Figure 1. A schematic figure illustrating the treatment course from diagnosis to remission.

Figure 2

Figure 2. Results of bone marrow primitive cell count and flow cytometry immunophenotyping for measurable residual disease.

Discussion

The efficacy of intensive chemotherapy in elderly patients with acute myeloid leukemia (AML) is frequently suboptimal due to factors such as drug resistance, compromised performance status, multiple organ dysfunction, and significant treatment-related toxicities, resulting in elevated early mortality rates (1). Consequently, there is a growing need to explore alternative therapeutic approaches for this patient population. One such approach involves the utilization of novel agents and treatment regimens. Notably, the combination of venetoclax (VEN) and azacitidine (AZA) has emerged as a standard regimen for AML patients aged ≥ 75 years or those deemed unsuitable for intensive chemotherapy (3, 4). Despite showing initial promise, the issue of resistance to combination therapy poses a significant challenge, leading to disappointing outcomes for patients with relapsed/refractory acute myeloid leukemia (R/R AML).

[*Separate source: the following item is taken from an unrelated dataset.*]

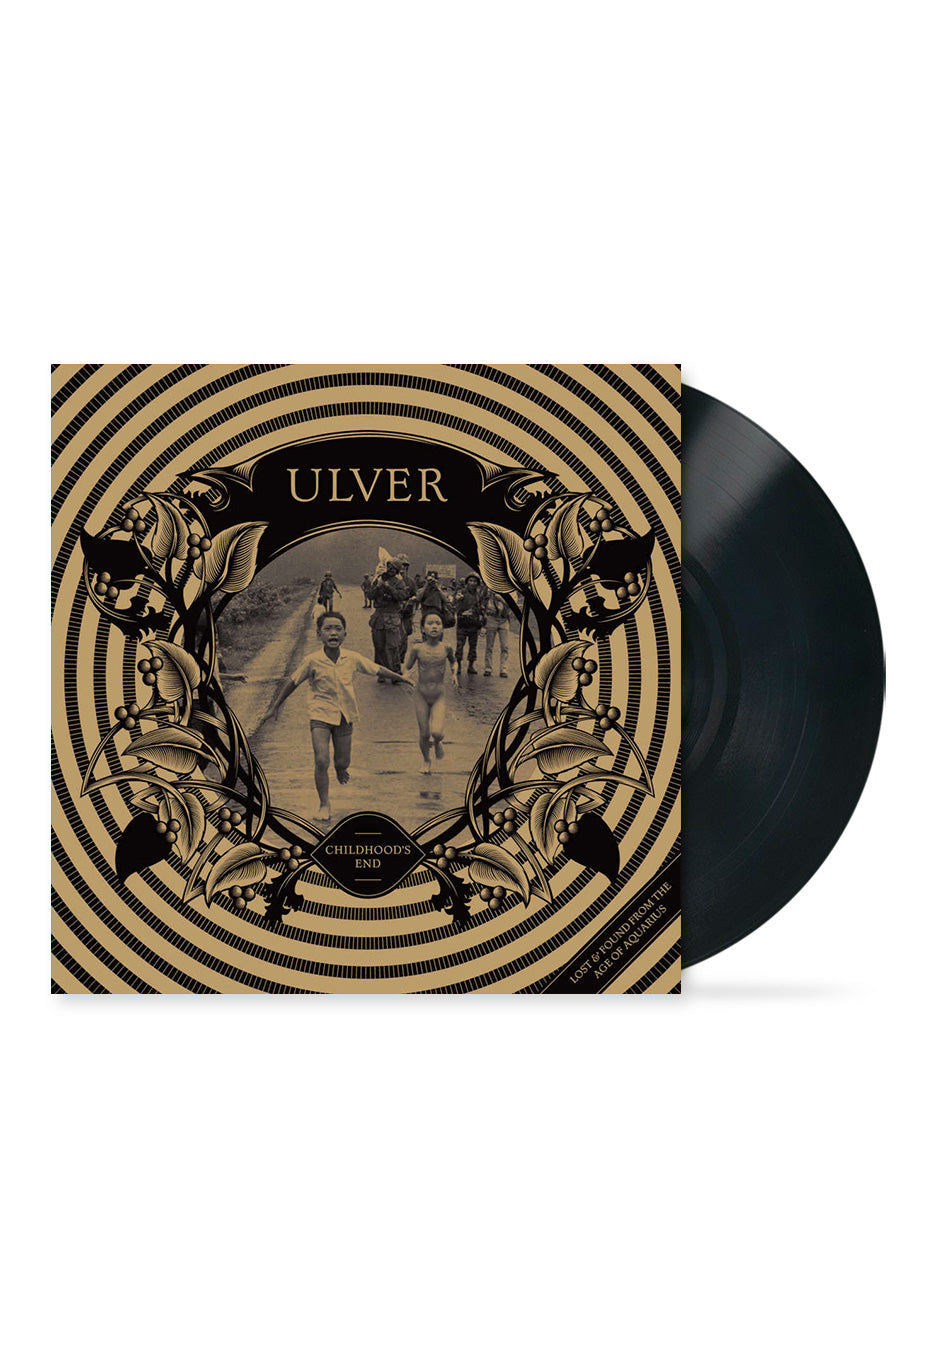 Ulver - Childhood's End - Vinyl

A patient’s Eastern Cooperative Oncology Group performance status greater than 2 rendered our patient unsuitable for intensive chemotherapy. Consequently, she was administered induction chemotherapy utilizing the AZA and VEN regimen. Due to the intricate biological nature of this disease and the variations in initial treatment approaches, it is imperative to prioritize approved therapies that specifically target the R/R AML subgroup. Consequently, conducting clinical trials to treat this subgroup of patients is one of the effective strategies For the majority of patients, allogeneic hematopoietic cell transplantation (HCT) stands as the sole potential curative treatment strategy. Prior to HCT, a common practice involves administering a combination of chemotherapy and targeted therapy as a rescue treatment to alleviate the burden of leukemia (1, 2).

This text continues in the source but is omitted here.